А как объяснить это? Мать Лероя Фрая вдруг подошла ко мне и встала рядом. Горе добавило морщин ее смуглому, привычному к солнцу лицу.
– Это вы мистер Лэндор?
Я молча кивнул. Женщина колебалась. Возможно, она не знала, с чего начать. Должно быть, в ее родных местах она бы не решилась вот так просто заговорить с незнакомым мужчиной.
– Значит, это вы ищете…
– Да, это я.
Она закивала головой, избегая смотреть мне в глаза. Я тоже кивал, ибо не мог заставить себя произнести слова, которые обычно говорят в подобных случаях: «Я так скорблю… какая ужасная потеря для вас… для всех нас…» Как хорошо, что и она воздержалась от лишних слов. Вместо этого миссис Фрай порылась в своем ридикюле и наконец достала оттуда толстую записную книжку с золотым обрезом и матерчатым переплетом.
– Я хочу вам это отдать, – сказала она, протягивая мне книжку.
– Что в этой книжке, миссис Фрай?
– Дневник Лероя.
Мои пальцы сжались, потом разжались.
– Дневник? – переспросил я.
– Да, сэр. Мой сын вел его с того времени, как поступил сюда. Почти три года.
– Простите, миссис Фрай, но я не припомню, чтобы среди личных вещей вашего сына находили дневник. Иначе я бы знал о нем.
– Дневник мне отдал… кадет Боллинджер.
Наши глаза встретились. Миссис Фрай выдержала мой взгляд.
– Боллинджер?
– Да. Я сама удивилась.
Ее губы тронула болезненная улыбка.
– Он был другом Лероя… хорошим другом. Он мне сказал: как узнал о случившемся… с Лероем, сразу побежал к нему в комнату. Там он нашел эту книжку и забрал себе.
– Но какое он имел право? – вырвалось у меня. – И вообще, почему он распоряжался чужими вещами?
Я осекся, вспомнив, что нахожусь на похоронах и говорю с матерью покойного.
– Я не знаю про права, мистер Лэндор. Он, когда мне эту книжку отдавал, так сказал: «Миссис Фрай, возьмите дневник вашего сына и увезите с собой. Если надумаете сжечь – сжигайте. Но только не давайте никому читать».
Она произнесла все эти слова на одном дыхании, затем сделала паузу и продолжала:
– Я очень благодарна кадету Боллинджеру. Я взяла дневник и стала думать. Раз вы, мистер Лэндор, главный в этом деле и армия вам доверяет… надо дневник отдать вам. Ну что мне с ним делать? Я и книг-то не читаю, одну только Библию. А тут – сплошные закорючки. И где Лерой так писать научился?

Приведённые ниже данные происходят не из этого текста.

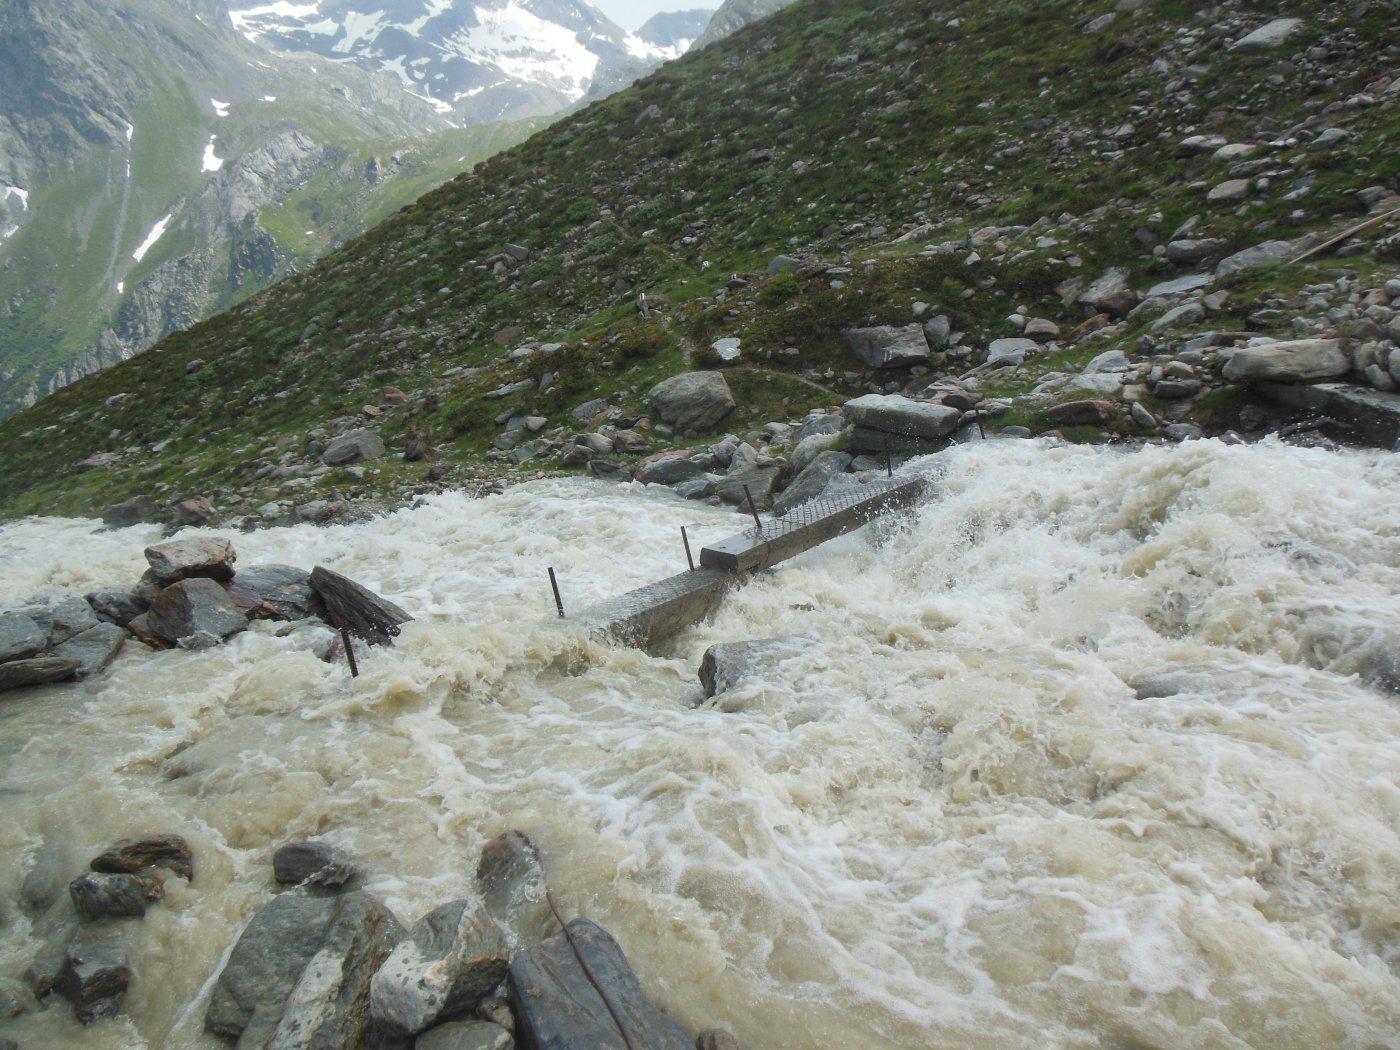 ponte su torrente del ghiacciaio del Lagginhorn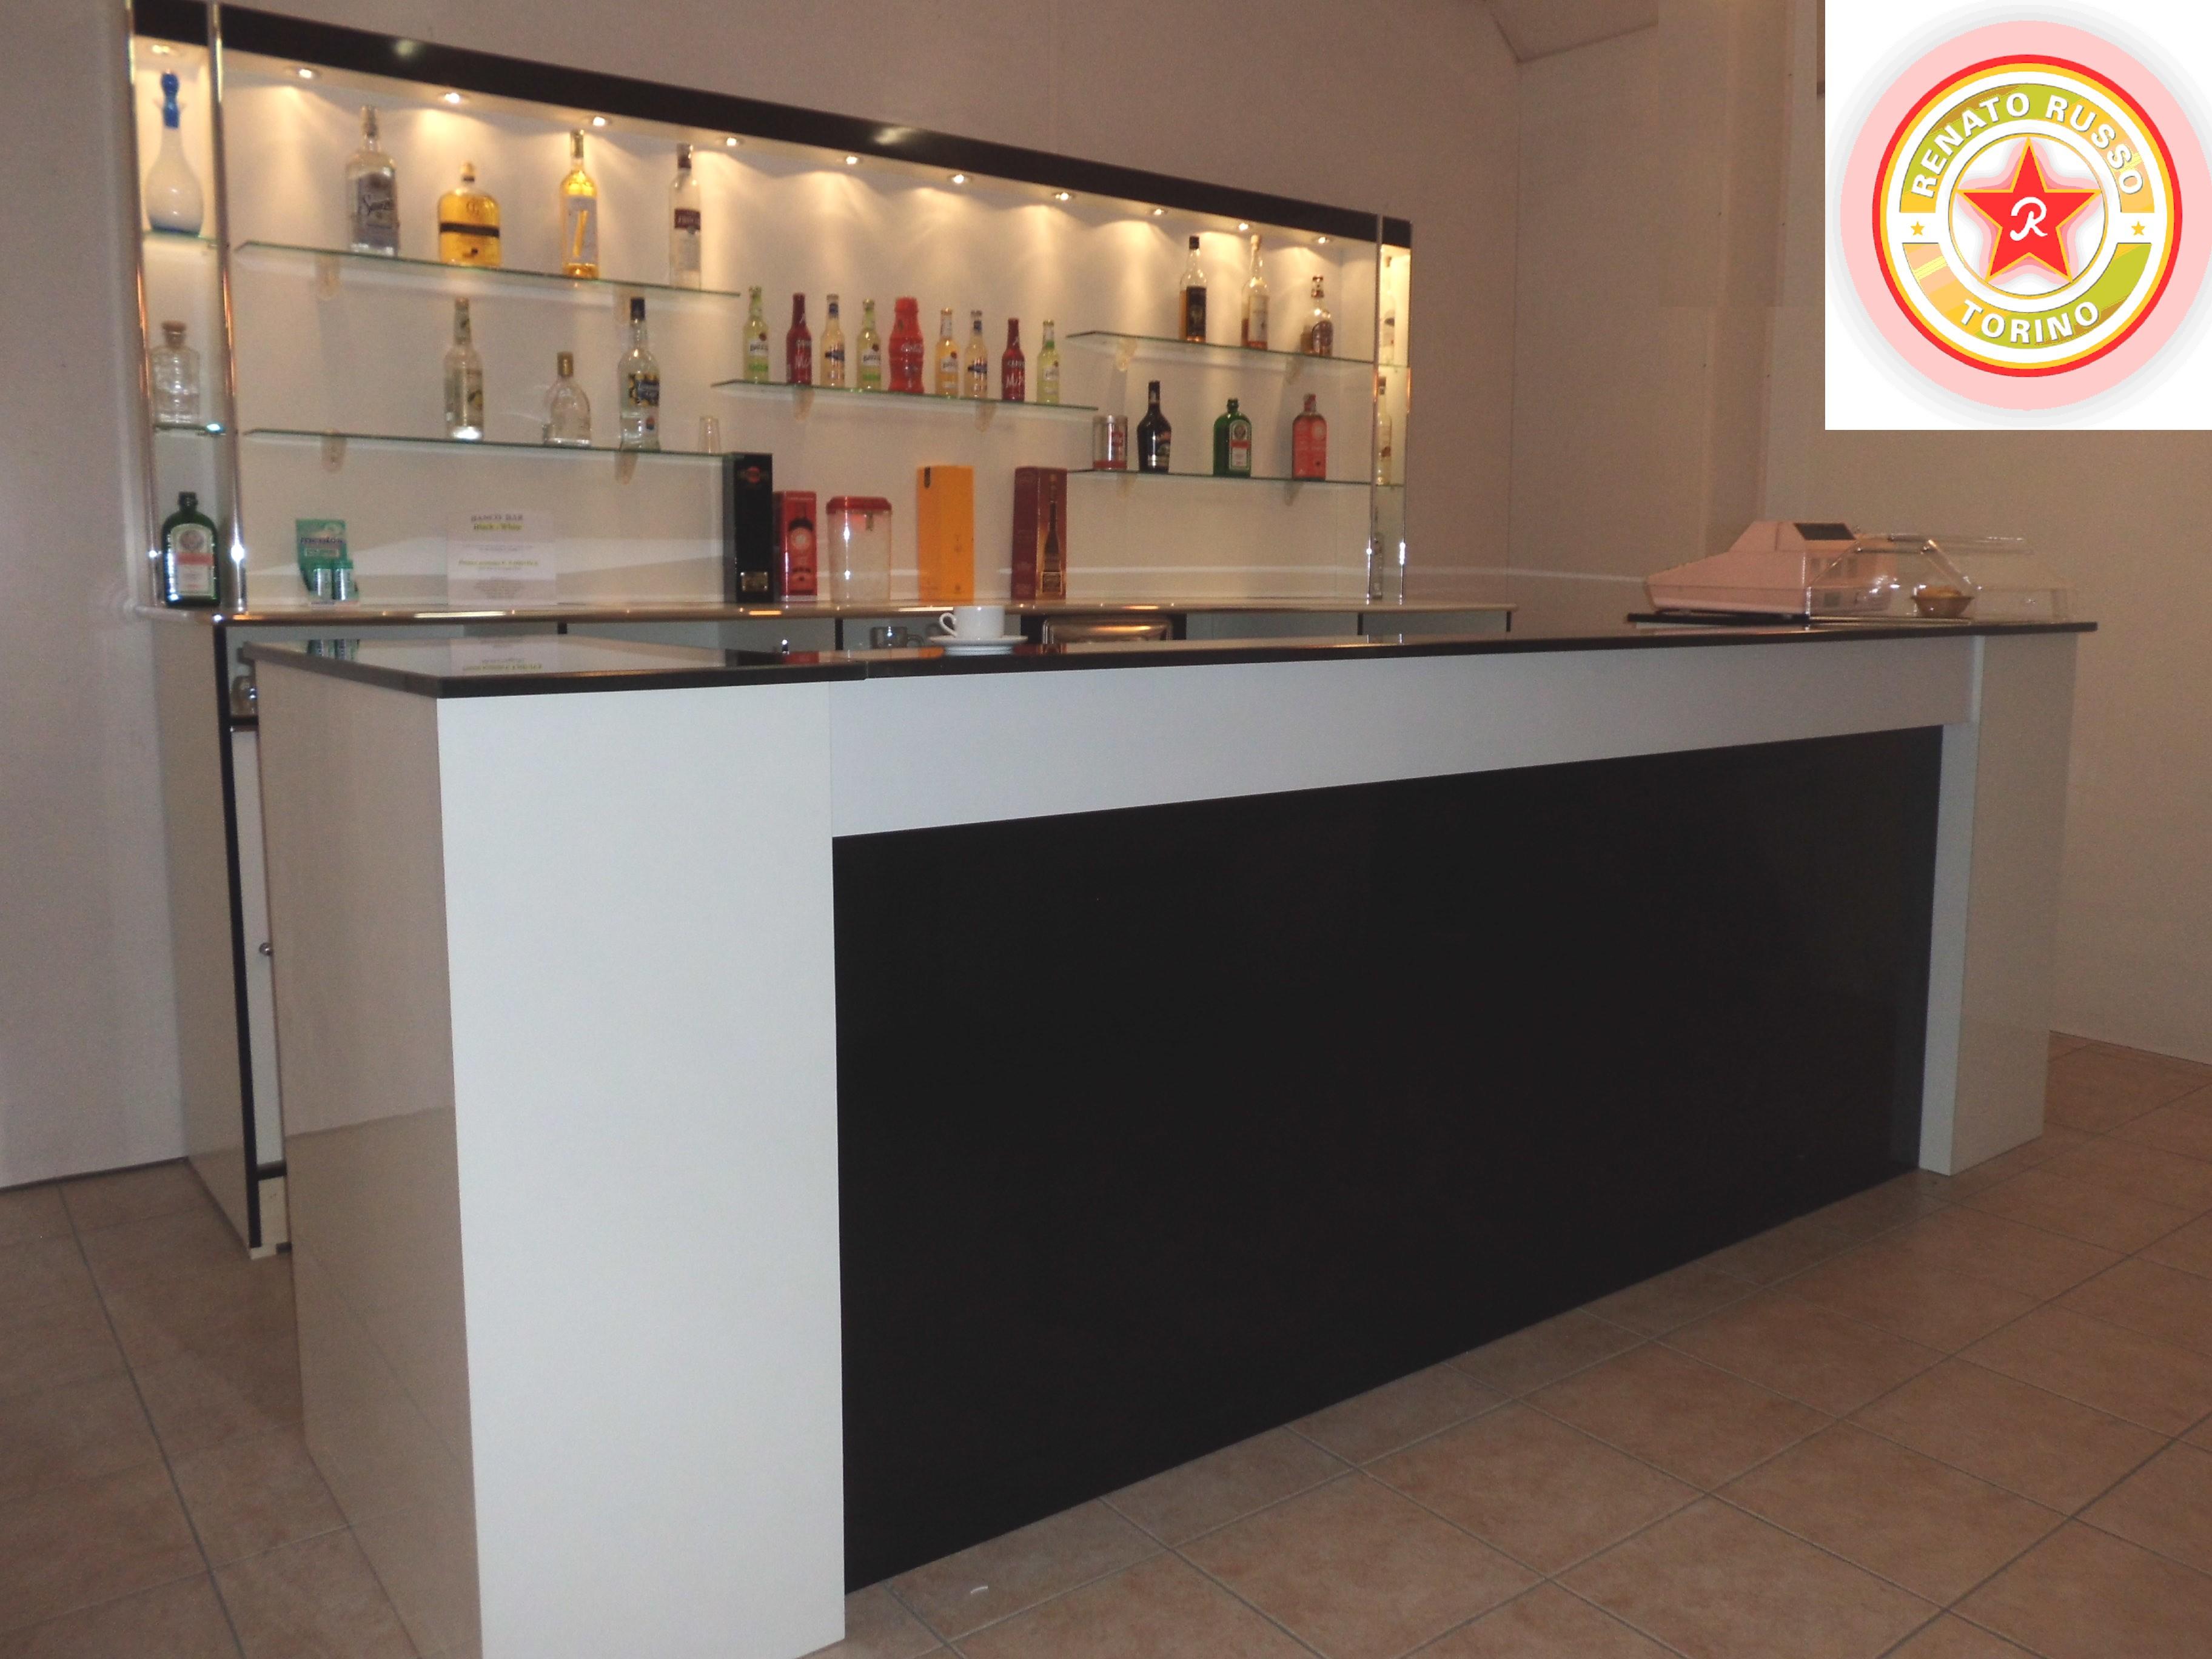 ... Per Bar, Frigoriferi Per Bar, Banchi Bar Grezzi, Banchi Bar Fi

Я не стал объяснять этой усталой женщине, что ее сын применил весьма простой способ шифровки, располагая поверх горизонтальных строчек вертикальные. Конечно, такой частокол был способен быстро отбить у любопытствующих желание прочитать чужие записи. Но случалось, что и сам пишущий увязал в лабиринте своих строк и уже не мог их разобрать. Здесь требовался определенный навык. Мои глаза им обладали.
По правде говоря, мои глаза тут же заскользили по строчкам, мозг начал преобразовывать сгустки букв в слова и фразы. И тут я вновь услышал голос миссис Фрай. Правильнее сказать, почувствовал его, будто град, ударяющий по макушке.
– Его нужно поймать.
Оторвавшись от страниц, я посмотрел на нее и не сразу понял, о ком она говорит.
– Его нужно поймать, – уже громче повторила миссис Фрай. – За то, что Лерой с собой сделал… ему перед Богом отвечать. Но что потом сделали с его телом… это страшное преступление.
Мне не оставалось иного, как согласиться с нею, произнеся затертые слова о том, что никакое преступление против личности не должно оставаться безнаказанным.
– Благодарю вас за помощь, миссис Фрай, – сказал я, заканчивая свою пустую тираду.
Она рассеянно кивнула. Затем повернулась к могиле. Гроб с телом ее младшего сына успели почти полностью забросать землей. Оставалось лишь поставить сияющий белый крест. Это все, что армия могла сделать для Лероя Фрая.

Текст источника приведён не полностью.